Just hanging and bench racin' 

I don't like to type much y'know?


----------



## Eccentric (Jan 1, 2013)

I like Poulans. I like some SD saws as well.


----------



## graybear13 (Jan 1, 2013)

I swapped a Remington shotgun and some cash for my new 3400 poulan way back when and it is still running strong. These old saws are super hard to beat. Heavy? You betcha! Grunt? You betcha!


----------



## Magnumfloyd (Jan 2, 2013)

Will the 3400 pull a 20" bar or is that to much and I've searched for muffler mod pictures and i am having trouble finding them


----------



## 3000 FPS (Jan 2, 2013)

Magnumfloyd said:


> Will the 3400 pull a 20" bar or is that to much and I've searched for muffler mod pictures and i am having trouble finding them



Here is a muffler mod on a craftsman it has the exact same muffler as on a 3400.





View attachment 271000


----------



## Magnumfloyd (Jan 2, 2013)

So just those two 1" vertical cuts and what size whole in the side and retune the carb


----------



## 3000 FPS (Jan 2, 2013)

Magnumfloyd said:


> So just those two 1" vertical cuts and what size whole in the side and retune the carb



Ok so what I did.
I pulled the baffle out and cut out about half of it away from the top and bottom of it. Leaving the two post that the screws go through in place. I then used a file to debur it so no metal can get back into the engine. The part of the baffle that I cut away I faced towards the front of the muffler. The slit in the side is from a small cut off saw and then opened up with a screw driver. I left the spark arrestor in mine but that is a personal preference. This muffler exits out the back when stock and I welded up all those holes so that it can now only exit the side and front. 

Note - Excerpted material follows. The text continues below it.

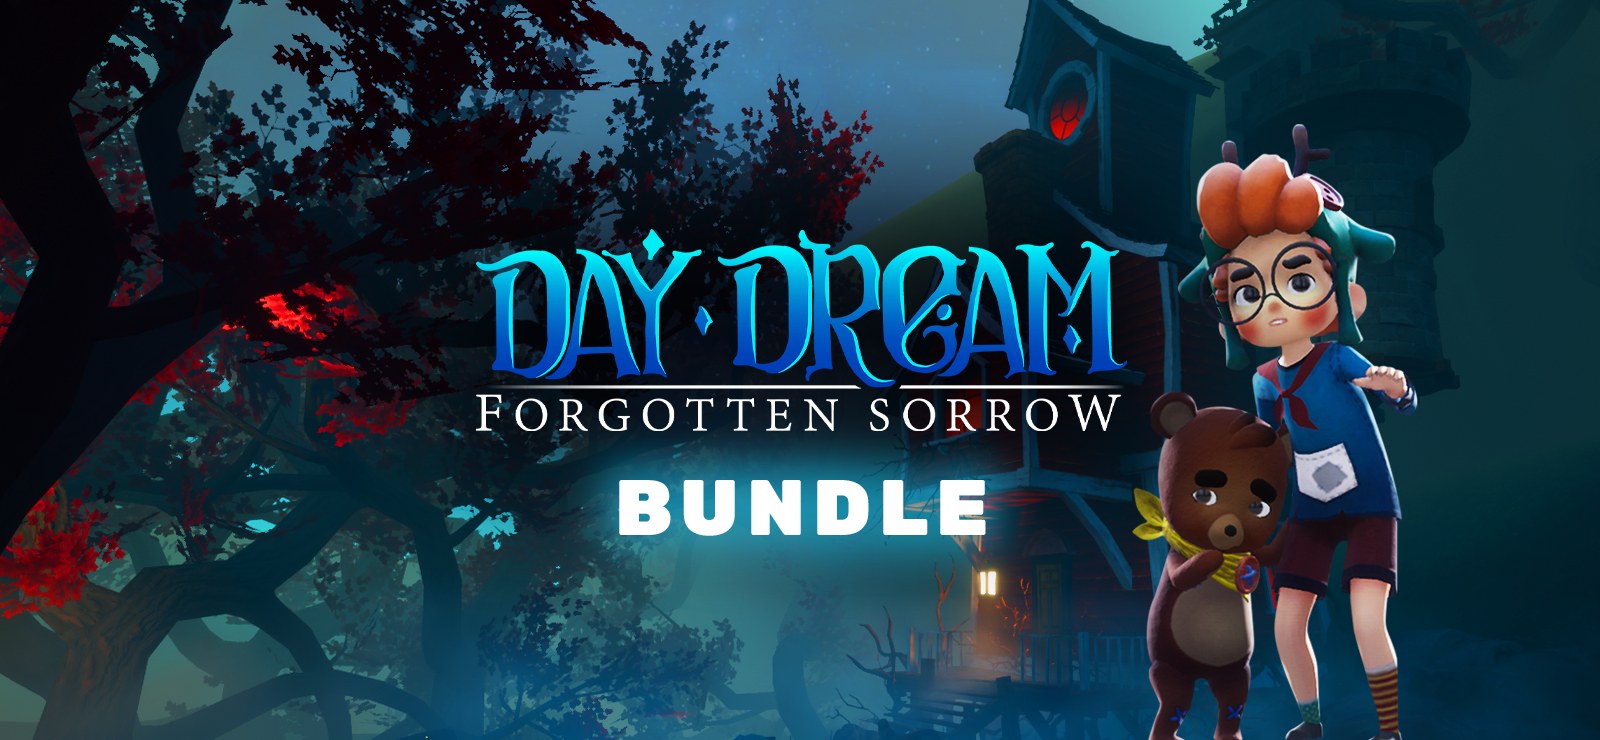 Daydream: Forgotten Sorrow Bundle

I do not believe the front cuts are 1 inch and more like a half inch. The one on the side is close to inch and a quarter.


----------



## redunshee (Jan 2, 2013)

sachsmo said:


> Dude,
> 
> Just hanging and bench racin'
> 
> I don't like to type much y'know?



Bro and Dude! Please!


----------



## fossil (Jan 2, 2013)

*More muffler mod info*

Here's more info on the muffler mods from the Poulan stickie in this post
http://www.arboristsite.com/chainsaw/183629-2.htm


----------



## redunshee (Jan 2, 2013)

Magnumfloyd said:


> Will the 3400 pull a 20" bar or is that to much and I've searched for muffler mod pictures and i am having trouble finding them



It will pull it okay but in a 20" hardwood log it'll work pretty hard.


----------



## redunshee (Jan 2, 2013)

3000 FPS said:


> Ok so what I did.
> I pulled the baffle out and cut out about half of it away from the top and bottom of it. Leaving the two post that the screws go through in place. I then used a file to debur it so no metal can get back into the engine. The part of the baffle that I cut away I faced towards the front of the muffler. The slit in the side is from a small cut off saw and then opened up with a screw driver. I left the spark arrestor in mine but that is a personal preference. This muffler exits out the back when stock and I welded up all those holes so that it can now only exit the side and front.
> 
> I do not believe the front cuts are 1 inch and more like a half inch. The one on the side is close to inch and a quarter.



That's what I do with the exception of the small slits in the front. To make the side opening easier to bend into shape I heat it up till its red with a torch, then use a screwdriver to shape it. Another helpful tip from the "mind of ModifiedMark".
Bob


----------



## belgian (Jan 2, 2013)

Modifiedmark said:


> Roland, that saw was introduced in 1978, why in the world would it need crank seals today?
> 
> As for the raidal play, it ends up being a triat of those needle brg saws. The crank end play is set by the depth of the crank brgs and I think they sometimes move around some. I know it sounds strange to some and especially by the way they do things today but a little end play in those dont hurt anything. They run and run forever that way.
> 
> In 1978 that CounterVibe saw was ahead of the pack.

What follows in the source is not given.